_WORK INSTRUCTION_
Within the entries below, the lines from the one with "Switzerland's national soccer" through the one with "Shogun is coming" are to be set down exactly, both ends kept.

_SUPPLIED RECORDS_
◆ ◆ ◆

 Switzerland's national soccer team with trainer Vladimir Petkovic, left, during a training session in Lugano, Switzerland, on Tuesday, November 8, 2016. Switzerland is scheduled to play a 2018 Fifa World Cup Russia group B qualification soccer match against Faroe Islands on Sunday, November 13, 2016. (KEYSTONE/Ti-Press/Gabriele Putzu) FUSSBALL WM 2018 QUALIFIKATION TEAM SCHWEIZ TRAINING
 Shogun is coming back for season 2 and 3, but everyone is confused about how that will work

◆ ◆ ◆

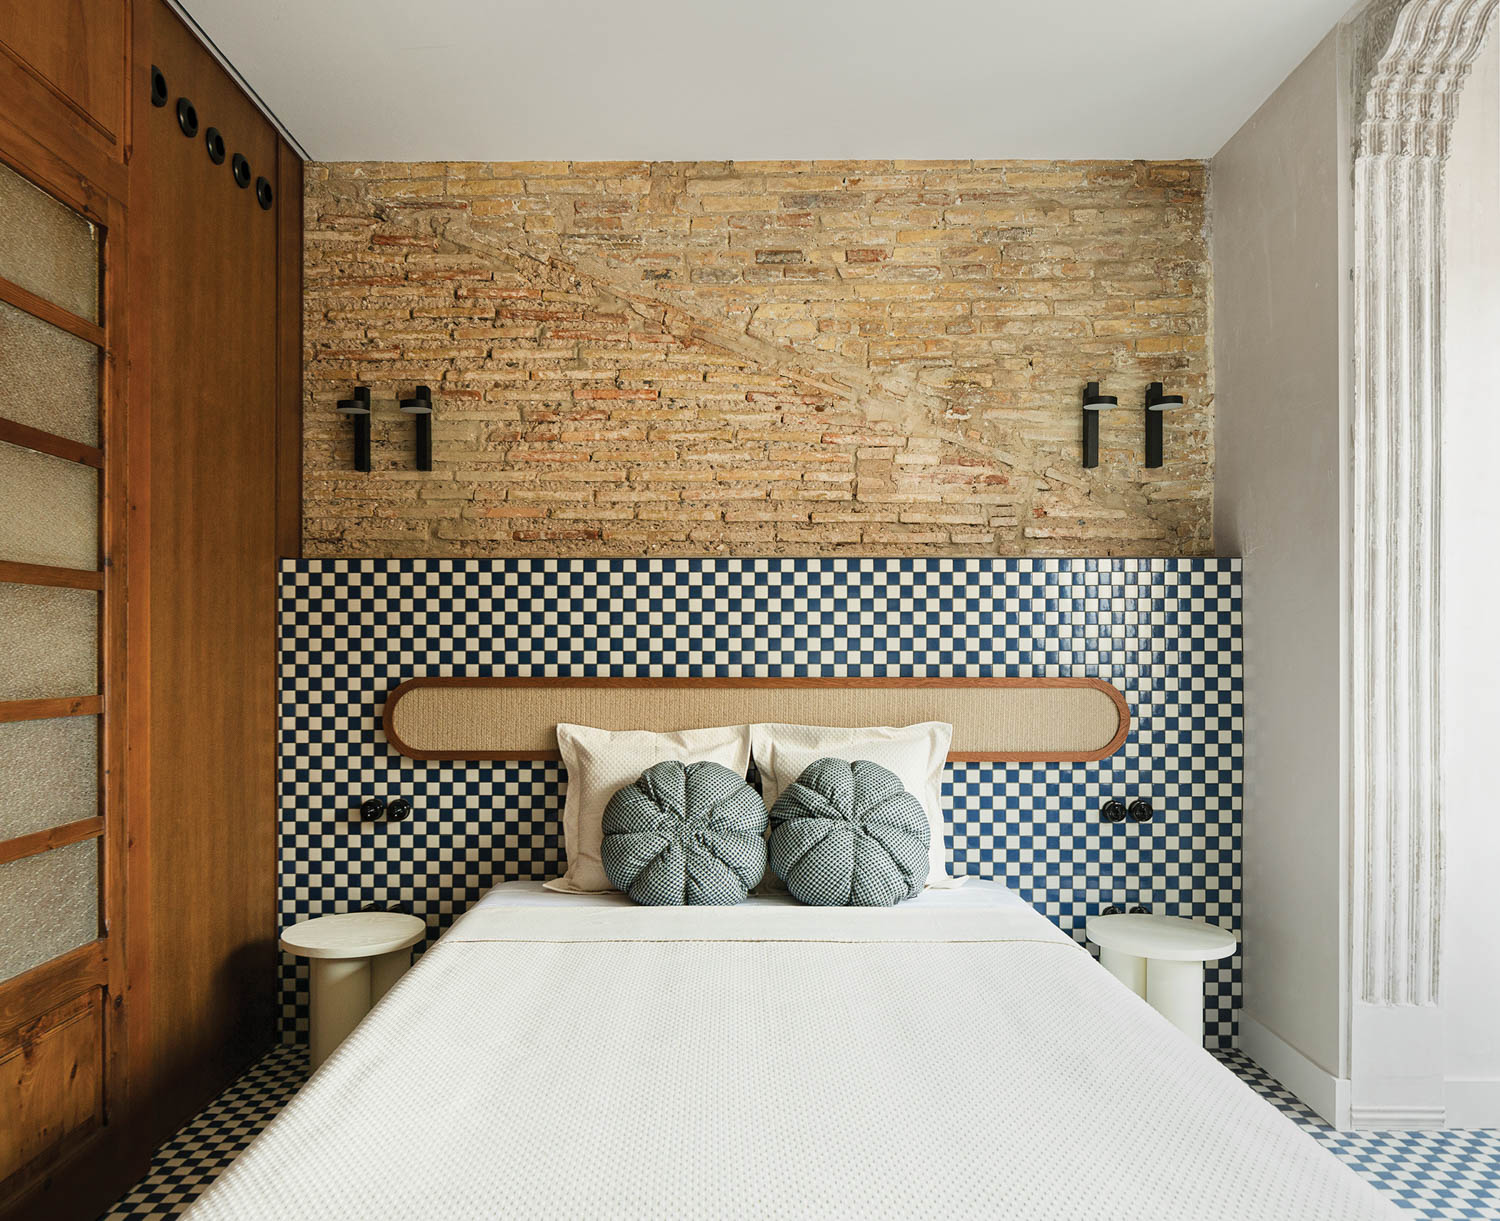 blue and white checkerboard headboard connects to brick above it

◆ ◆ ◆

_EXPECTED ANSWER_
 Switzerland's national soccer team with trainer Vladimir Petkovic, left, during a training session in Lugano, Switzerland, on Tuesday, November 8, 2016. Switzerland is scheduled to play a 2018 Fifa World Cup Russia group B qualification soccer match against Faroe Islands on Sunday, November 13, 2016. (KEYSTONE/Ti-Press/Gabriele Putzu) FUSSBALL WM 2018 QUALIFIKATION TEAM SCHWEIZ TRAINING
 Shogun is coming back for season 2 and 3, but everyone is confused about how that will work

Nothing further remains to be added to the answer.